Fernando's fastest lap was very fast compared to everybody else and would have sent a shiver down Sebastian's spine when he looked at the timing data after the race...
 

Brogan

🦶 Leg end
Staff Member
Something that's been bugging me for a while now is Renault's (and Red Bull's) continuous claims that their engine is down on power as they claim they are the only ones who abided by the engine freeze.

Now I might be wrong but aren't Red Bull, powered by Renault engines no less, leading the Drivers' and Constructors' championships?

We have heard Christian Horner several times this year complain that it's unfair that they have an under-powered engine but do they really?

Ferrari were able to make changes on reliability grounds earlier this year and if I remember correctly, Renault also did some work on their engine so is this just a case of Renault trying their hand, or are they really down on power compared to the rest?

The engine regulations are fairly strict but even so there are still differences.

So are Renault correct in their claims?
Does anyone have any links to actual power output and fuel consumption data?

Sam Michael of Williams seems to think Renault are having us on, stating that Renault's claim that they are down on power is "just bullshit".

http://www.pitpass.com/fes_php/pitpass_news_item.php?fes_art_id=42116
 

Chad Stewarthill

Champion Elect
Contributor
Is it at all possible that an engine which is a few horsepower down on another, if it has better torque and delivers its power more smoothly, might actually be better round a circuit, apart from the out-and-out 'Power' circuits like Monza? Or is power always the be-all and end-all?

In any case, I'm sure that once a certain level is reached, small differences in power output are dwarfed by chassis variations when it comes to overall car performance. Do we actually know what horsepower figures are claimed by the various F1 engine manufacturers?

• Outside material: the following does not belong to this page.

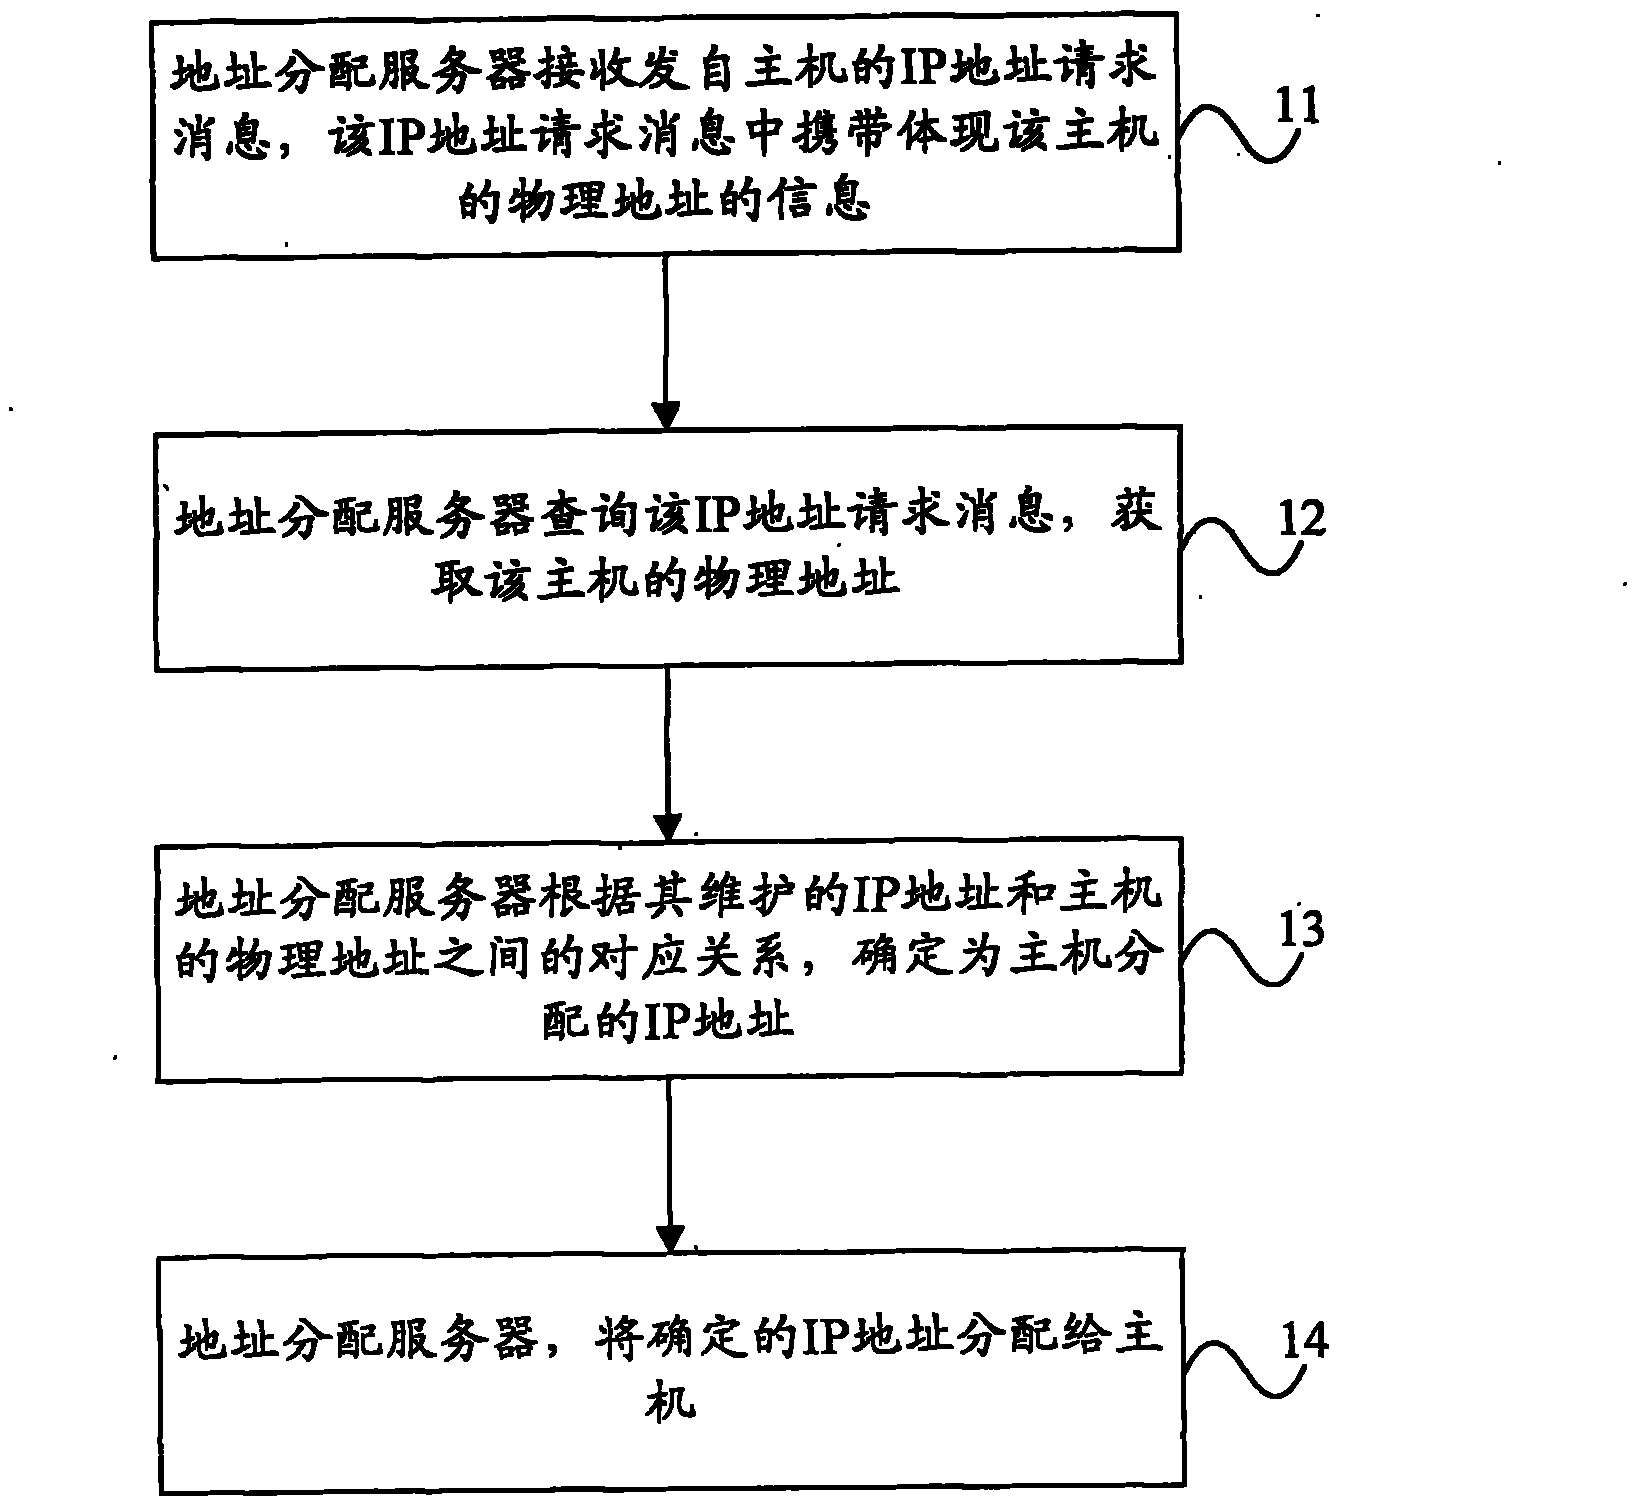 Method for allocating and configuring address, address allocation server and host machine

As can be seen with Williams versus the new teams, who all use the Cosworth engine, there are big differences in overall performance which cannot be attributed to engine power.
 

sportsman

Sidecar racers have the biggest cojones
Contributor
This one is a real hornets nest.Some believe that outright power is the be all and end all of performance.
Others believe that torque is a major factor.
I am of the school who believe that that an engine with slightly less outright power and more torque is the best overall characteristics across all tracks. It will lose out on the outright fastest tracks ie Monza Spa but over the entire season will prove to be the best "package".
Top speed has relatively little to do with lap times.Lap times are more dependent on cornering speeds and an engine with better torque can cope with very high downforce better than a very high power engine with less torque.
Essentially increased torque is trade off between absolute power or torque.An engine with more torque will be far more "driveable" than an engine with absolute power.This debate has been carried on for years between engine tuners.
In my own racing career (not F1) but saloon cars and other open wheel series I adopted the policy many years ago of sacrificing absolute power and in my experience a very limited power band for an engine with more torque and driveability.
Whether or not this anything to do with F1 I have no idea.